Table of Contents
In order to be the glue or backbone of a bunch of web tools, it's necessary to have a generalized way for different pieces of webseer talk to each other. I chose to implement this backbone as a model transformation metaphor. webseer in a very general way is responsible for taking a URI that represents a data abstraction, generating an initial model for that data, transforming that model to other models, and then doing something with those models. For example, one thing webseer was built to do (an application, not an architectural requirement) was perform web surveys. It takes lists of URLs of HTML documents, generates HTML DOM models, converts them to other models (like standard text models), and then generates a set of numerical features that represents the web page.
To use webseer, its not necessary to embrace all these steps. For instance, if you just want a really easy way to get a DOM model from a URL, you can just ignore the extra transformation steps that are possible.
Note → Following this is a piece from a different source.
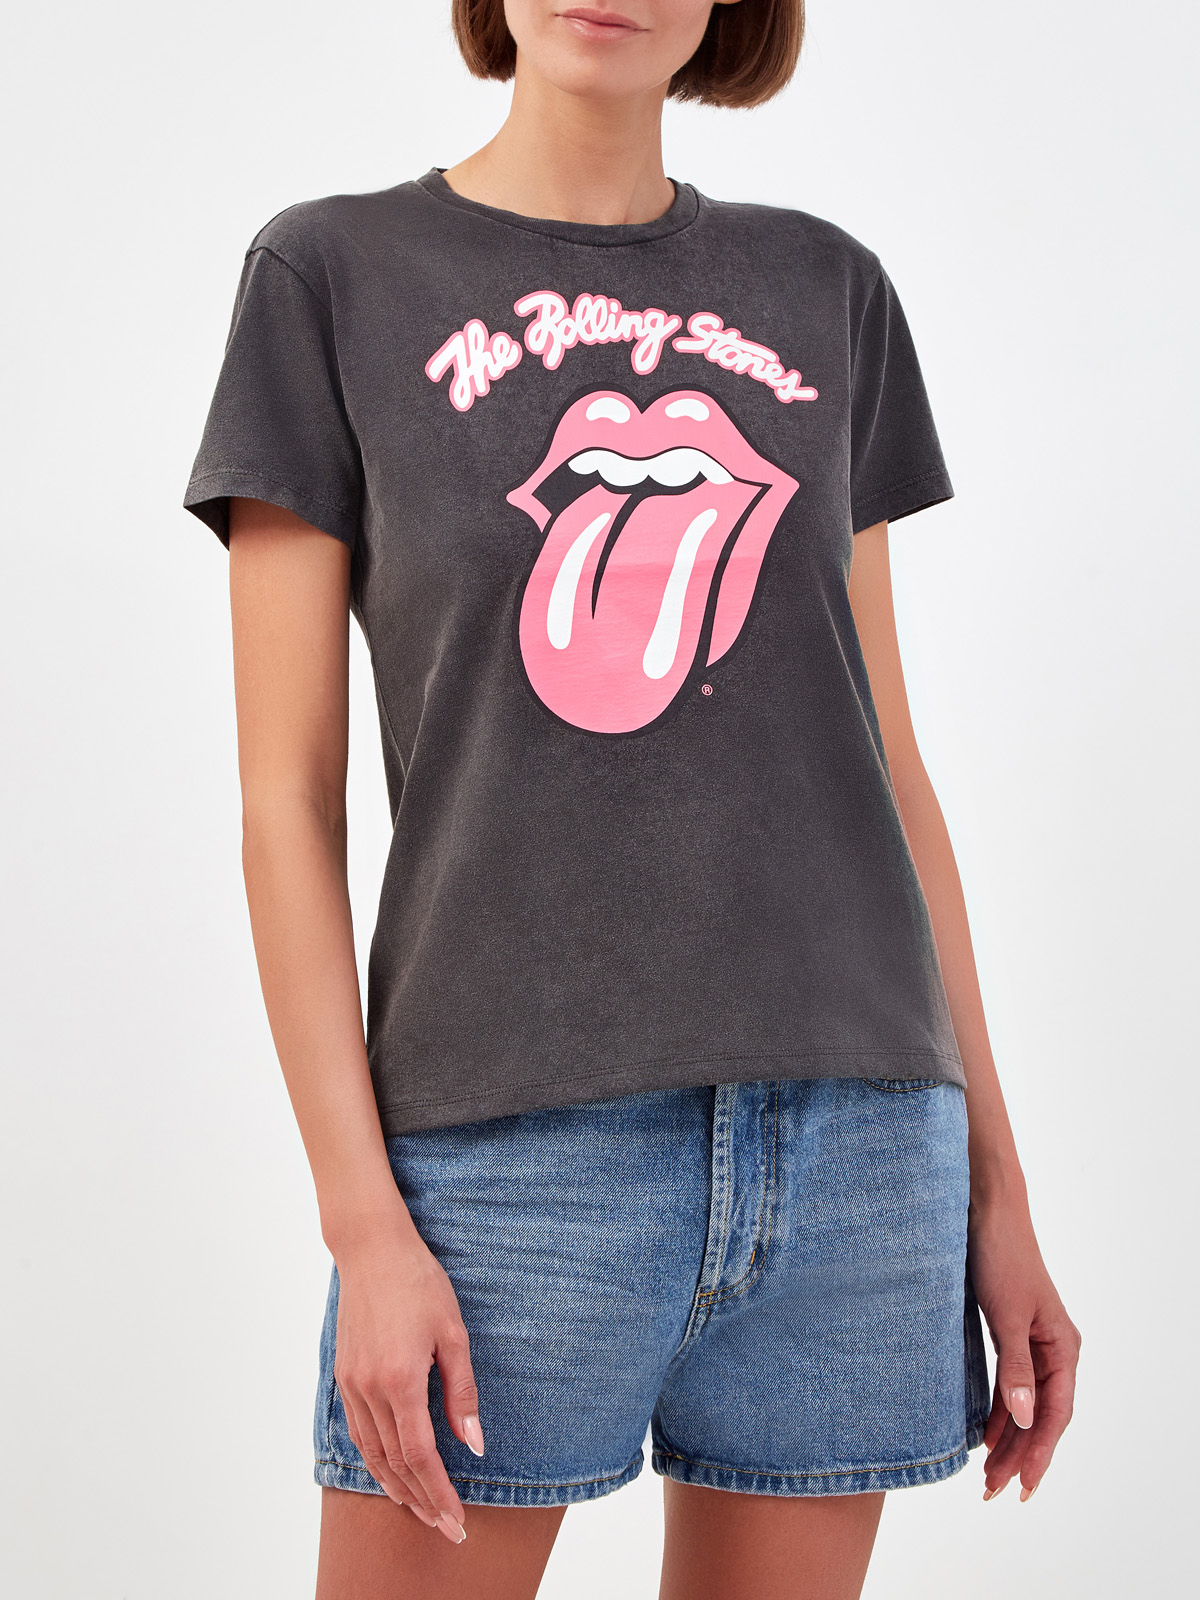 Хлопковая футболка с эксклюзивным принтом The Rolling Stones® MC2 SAINT BARTH, цвет серый, размер S;M;L - фото 3

The main extension points or constructs in webseer represent each of the general steps described above:
This is responsible for the IO in webseer. Concretely, this means it can take a data URI and generate bytes that are then used to generate a model. In webseer's current incarnation, it wraps/extends the Apache Nutch framework. After spending much time worrying about IO issues by implementing my own IO plugins, I realized that Nutch had a very extensible plugin architecture of its own so I embraced this architecture and extended it.
The fetcher can be used standalone in a very simple way:
FetcherUtil fetcher = new FetcherUtil(conf); Content content = fetcher.fetch(url);
If you know Nutch at all, you can see that this format steals directly from its syntax and style. Event the Content class is a Nutch class. There are plans to abstract this out a bit, but for now it serves its purpose.
This webseer construct is responsible for turning raw bytes into a model. Technically speaking, a byte array is a model of its own, so this is really just a special case of a transformation that happens to be the first. A person can either request a particular generator to be used on content or let webseer try to figure it out for you from the content. Generally speaking, if you use a generator directly, you want your output in a particular format, so let's show you an example of turning the previous content into an HTML DOM model:
GeneratorUtil generator = new GeneratorUtil(conf); HTMLDocument document = (HTMLDocument) generator.generate(content, "HTML");
Pretty easy, isn't it? webseer tries to be really powerful if you desire it, but really easy if you just want to trust its magic.
Sometimes the model that the content is naturally in is not really how you want it. One basic example would be if you want to see the HTML page as a bunch of text. Why would you want to write your own text stripper when hundreds of people have already written them before? webseer comes with one so can transform a HTML model into a text model:
TransformerUtil transformer = new TransformerUtil(conf); TextSource text = (TextSource) transformer.transform(document, "HTML", "Text");
This step is a little more magical than even the last one. You can see that we had to tell webseer what type of model the input was in. That's because webseer is very anti-typing. Models don't carry with them information about what they are. This is a very powerful concept in theory because it allows us to generalize a transformation process to a bunch of different forms of input.
Another thing that is glazed over here is that transformations are actually a many-to-many relationship. A single model can be transformed into multiple models or many models can be consolidated into a single model. This makes transformation an almost too powerful step. Many operations can be turned into model transformations.
This may be a bit more than most people need, but several applications of webseer rely on generating features from a data source. This is just map of feature names to feature values, which are often numerical measurements. They can be generated from any model similarly to how a model is transformed (in a sense, it's just a special case of model transformation):
FeatureExtractorUtil extractor = new FeatureExtractorUtil(conf); FeatureRecord record = extractor.extract(text, "Text");
This would return to us every measurement that webseer can generate about that particular text model.